- [Exercise aim]:
The span to repeat in the listing below runs from the line containing "Silikonové pouzdro na" to the line containing "Zephyr Unisex Black", inclusive. Repeat it exactly, and only it.

....................

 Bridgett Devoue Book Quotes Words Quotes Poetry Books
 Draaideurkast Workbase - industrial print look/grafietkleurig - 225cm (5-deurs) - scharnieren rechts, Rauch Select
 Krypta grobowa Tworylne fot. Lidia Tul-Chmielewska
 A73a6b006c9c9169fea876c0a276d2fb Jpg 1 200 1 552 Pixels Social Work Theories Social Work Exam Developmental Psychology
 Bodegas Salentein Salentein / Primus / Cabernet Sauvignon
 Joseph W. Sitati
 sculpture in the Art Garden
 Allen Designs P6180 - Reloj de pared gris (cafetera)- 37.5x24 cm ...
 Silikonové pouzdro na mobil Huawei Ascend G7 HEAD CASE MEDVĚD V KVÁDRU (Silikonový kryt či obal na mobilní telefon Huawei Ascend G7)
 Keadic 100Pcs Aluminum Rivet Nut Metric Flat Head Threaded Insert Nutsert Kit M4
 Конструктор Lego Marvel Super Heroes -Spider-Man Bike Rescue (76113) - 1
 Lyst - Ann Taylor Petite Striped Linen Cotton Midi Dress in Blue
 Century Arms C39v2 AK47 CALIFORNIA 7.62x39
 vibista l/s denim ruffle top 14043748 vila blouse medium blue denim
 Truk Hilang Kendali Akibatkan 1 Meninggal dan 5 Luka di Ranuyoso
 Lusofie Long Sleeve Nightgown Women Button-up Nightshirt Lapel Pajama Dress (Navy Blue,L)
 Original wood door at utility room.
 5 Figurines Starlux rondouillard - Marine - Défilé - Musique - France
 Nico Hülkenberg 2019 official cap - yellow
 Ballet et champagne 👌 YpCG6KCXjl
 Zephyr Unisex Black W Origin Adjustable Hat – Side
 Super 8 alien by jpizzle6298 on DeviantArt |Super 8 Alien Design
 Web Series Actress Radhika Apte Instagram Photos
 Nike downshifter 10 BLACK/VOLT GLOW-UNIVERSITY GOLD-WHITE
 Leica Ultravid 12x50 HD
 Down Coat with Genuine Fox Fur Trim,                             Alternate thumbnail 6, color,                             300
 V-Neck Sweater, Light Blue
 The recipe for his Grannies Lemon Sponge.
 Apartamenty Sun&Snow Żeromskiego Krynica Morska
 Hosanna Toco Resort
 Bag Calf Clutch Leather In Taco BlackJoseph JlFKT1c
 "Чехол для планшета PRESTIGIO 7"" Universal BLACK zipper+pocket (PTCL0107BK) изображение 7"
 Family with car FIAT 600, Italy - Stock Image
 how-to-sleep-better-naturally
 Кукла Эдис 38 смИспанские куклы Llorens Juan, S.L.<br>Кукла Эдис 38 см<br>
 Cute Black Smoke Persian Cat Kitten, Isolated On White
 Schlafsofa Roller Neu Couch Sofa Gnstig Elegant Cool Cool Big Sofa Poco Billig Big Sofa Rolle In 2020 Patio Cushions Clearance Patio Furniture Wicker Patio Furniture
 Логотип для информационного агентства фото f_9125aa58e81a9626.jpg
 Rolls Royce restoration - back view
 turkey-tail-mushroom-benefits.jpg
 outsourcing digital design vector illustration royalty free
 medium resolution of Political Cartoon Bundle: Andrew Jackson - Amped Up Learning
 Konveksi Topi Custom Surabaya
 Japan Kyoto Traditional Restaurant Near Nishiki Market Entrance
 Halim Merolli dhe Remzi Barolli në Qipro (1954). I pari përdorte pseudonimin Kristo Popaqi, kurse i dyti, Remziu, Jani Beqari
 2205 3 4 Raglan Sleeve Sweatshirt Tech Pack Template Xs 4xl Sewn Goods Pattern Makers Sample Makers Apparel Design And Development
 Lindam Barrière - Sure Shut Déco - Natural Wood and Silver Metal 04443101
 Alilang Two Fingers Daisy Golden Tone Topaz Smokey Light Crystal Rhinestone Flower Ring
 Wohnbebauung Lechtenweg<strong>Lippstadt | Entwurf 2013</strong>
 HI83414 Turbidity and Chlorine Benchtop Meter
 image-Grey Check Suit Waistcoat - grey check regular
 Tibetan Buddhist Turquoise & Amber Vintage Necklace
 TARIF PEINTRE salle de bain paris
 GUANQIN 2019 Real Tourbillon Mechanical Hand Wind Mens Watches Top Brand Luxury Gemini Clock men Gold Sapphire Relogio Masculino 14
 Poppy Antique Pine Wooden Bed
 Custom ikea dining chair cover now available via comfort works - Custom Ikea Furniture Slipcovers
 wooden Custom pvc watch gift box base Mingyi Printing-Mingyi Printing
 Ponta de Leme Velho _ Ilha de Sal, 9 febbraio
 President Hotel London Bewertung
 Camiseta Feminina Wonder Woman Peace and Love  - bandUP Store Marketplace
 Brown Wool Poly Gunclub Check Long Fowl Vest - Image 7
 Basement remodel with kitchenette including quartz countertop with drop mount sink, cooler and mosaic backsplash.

....................

- [Solution to this task]:
 Silikonové pouzdro na mobil Huawei Ascend G7 HEAD CASE MEDVĚD V KVÁDRU (Silikonový kryt či obal na mobilní telefon Huawei Ascend G7)
 Keadic 100Pcs Aluminum Rivet Nut Metric Flat Head Threaded Insert Nutsert Kit M4
 Конструктор Lego Marvel Super Heroes -Spider-Man Bike Rescue (76113) - 1
 Lyst - Ann Taylor Petite Striped Linen Cotton Midi Dress in Blue
 Century Arms C39v2 AK47 CALIFORNIA 7.62x39
 vibista l/s denim ruffle top 14043748 vila blouse medium blue denim
 Truk Hilang Kendali Akibatkan 1 Meninggal dan 5 Luka di Ranuyoso
 Lusofie Long Sleeve Nightgown Women Button-up Nightshirt Lapel Pajama Dress (Navy Blue,L)
 Original wood door at utility room.
 5 Figurines Starlux rondouillard - Marine - Défilé - Musique - France
 Nico Hülkenberg 2019 official cap - yellow
 Ballet et champagne 👌 YpCG6KCXjl
 Zephyr Unisex Black W Origin Adjustable Hat – Side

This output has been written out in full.